> **TASK STATEMENT**
If a record holds a picture, leave the picture out and restate everything else word for word.
--- START ---
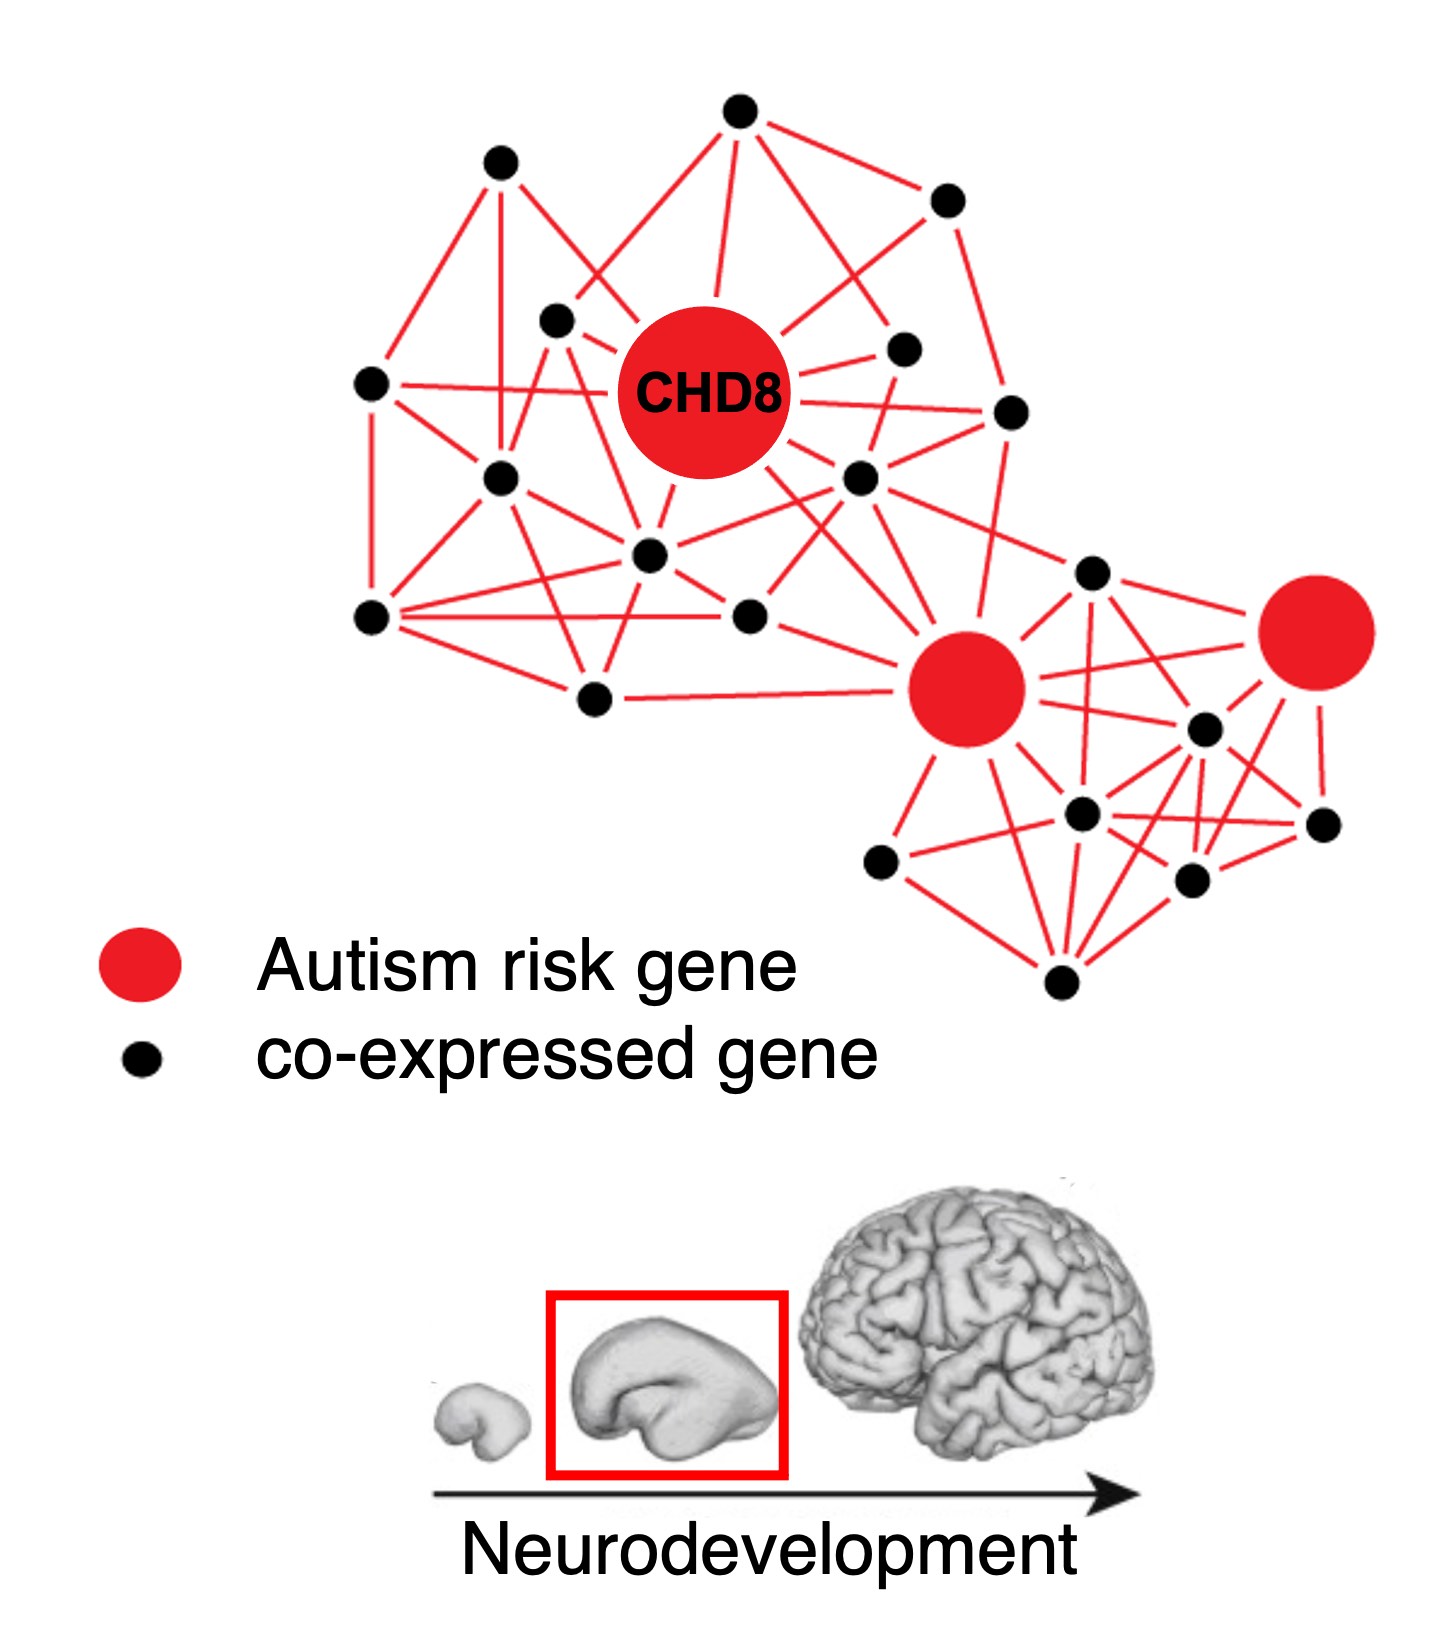 figure
                        illustrating how CHD8, during neurodevelopment, regulates the expression of other
                        genes that are co-expressed in networks that are also associated with likelihood of autism.
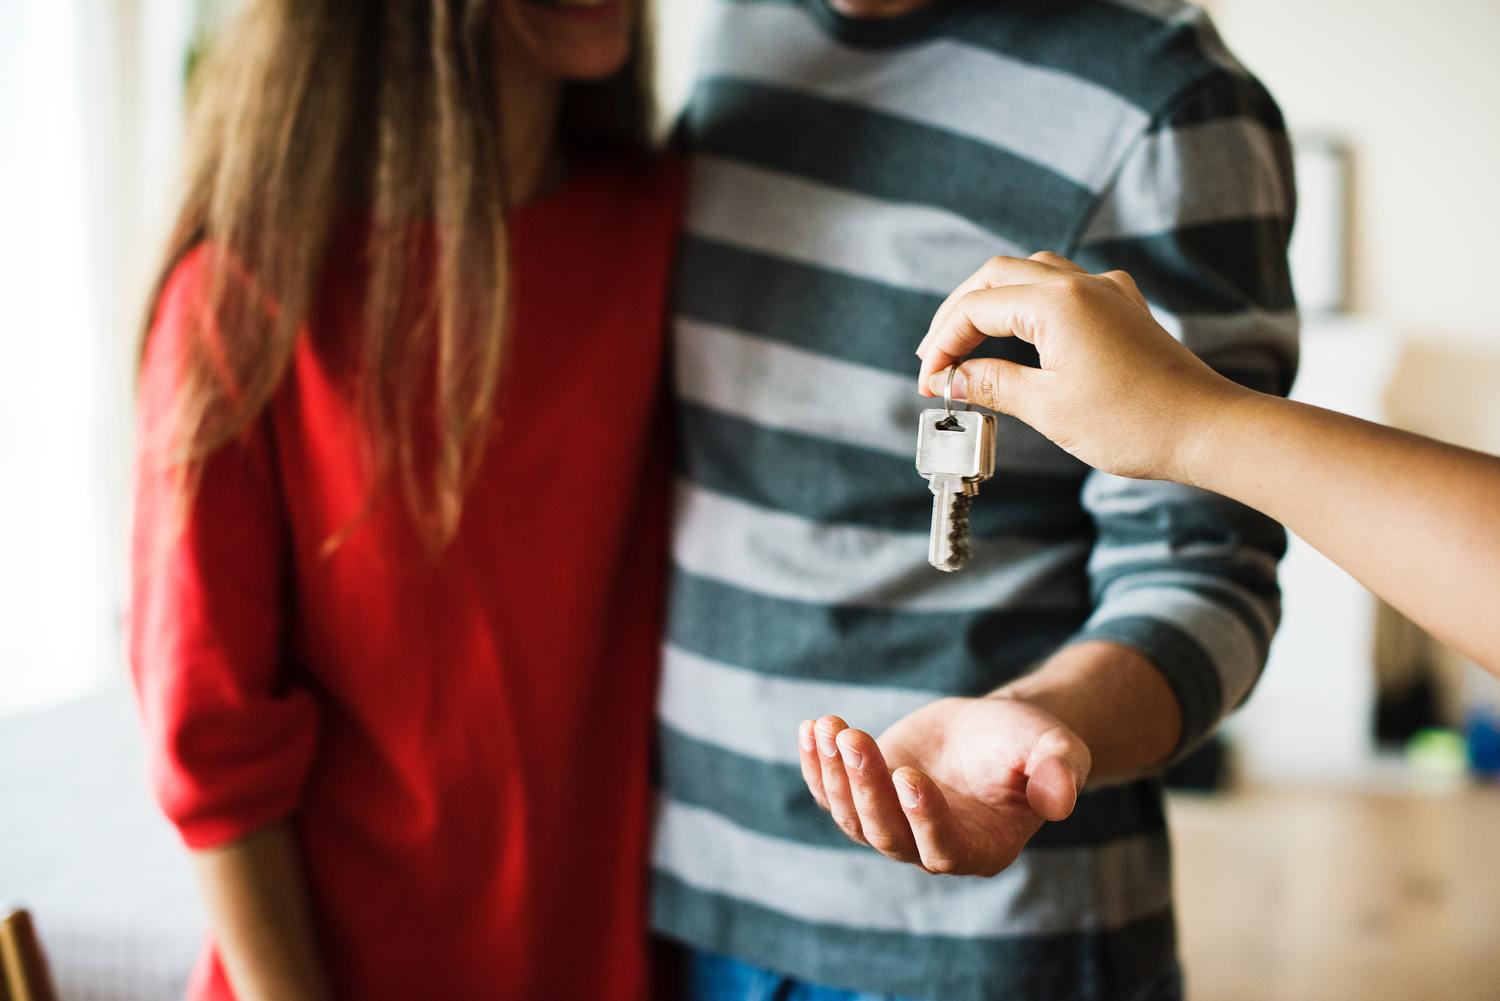 <span style="font-weight: bold;">FIRST time homebuyers&nbsp;</span>
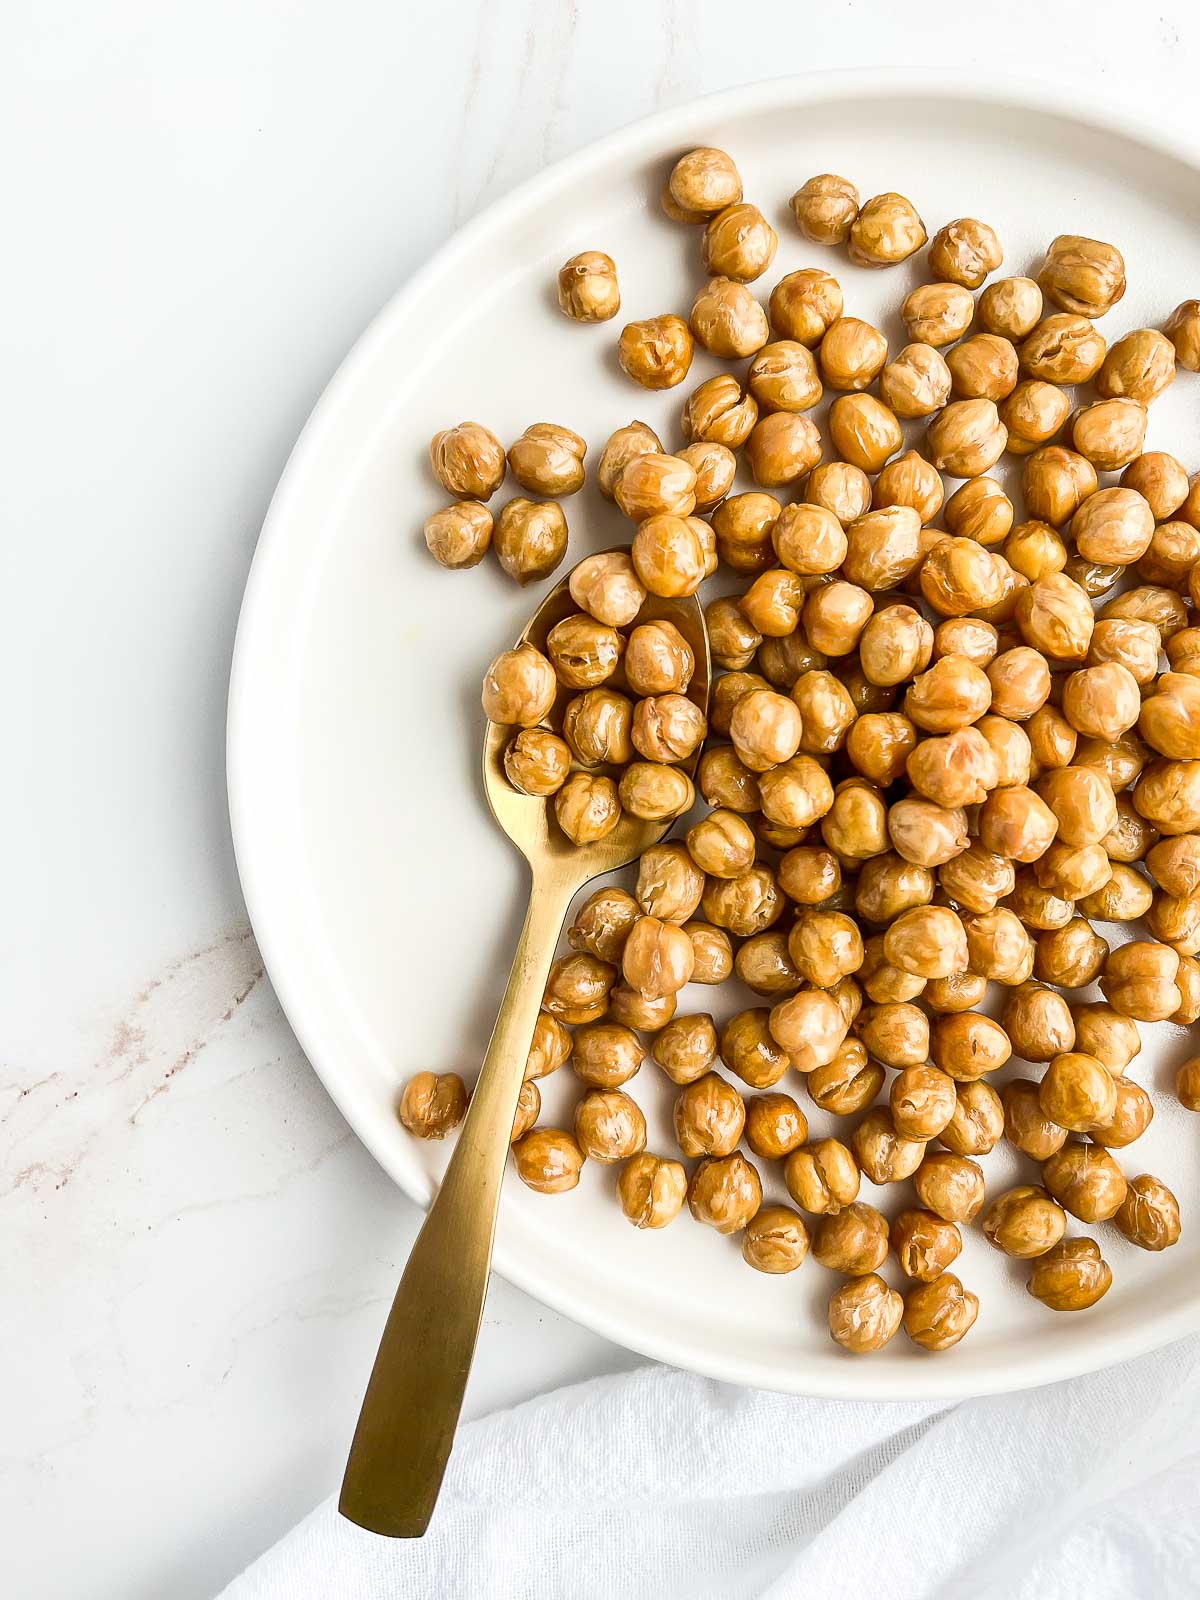 Plate of roasted chickpeas with a gold spoon.
--- END ---
> **SOLUTION**
 figure
                        illustrating how CHD8, during neurodevelopment, regulates the expression of other
                        genes that are co-expressed in networks that are also associated with likelihood of autism.
 <span style="font-weight: bold;">FIRST time homebuyers&nbsp;</span>
 Plate of roasted chickpeas with a gold spoon.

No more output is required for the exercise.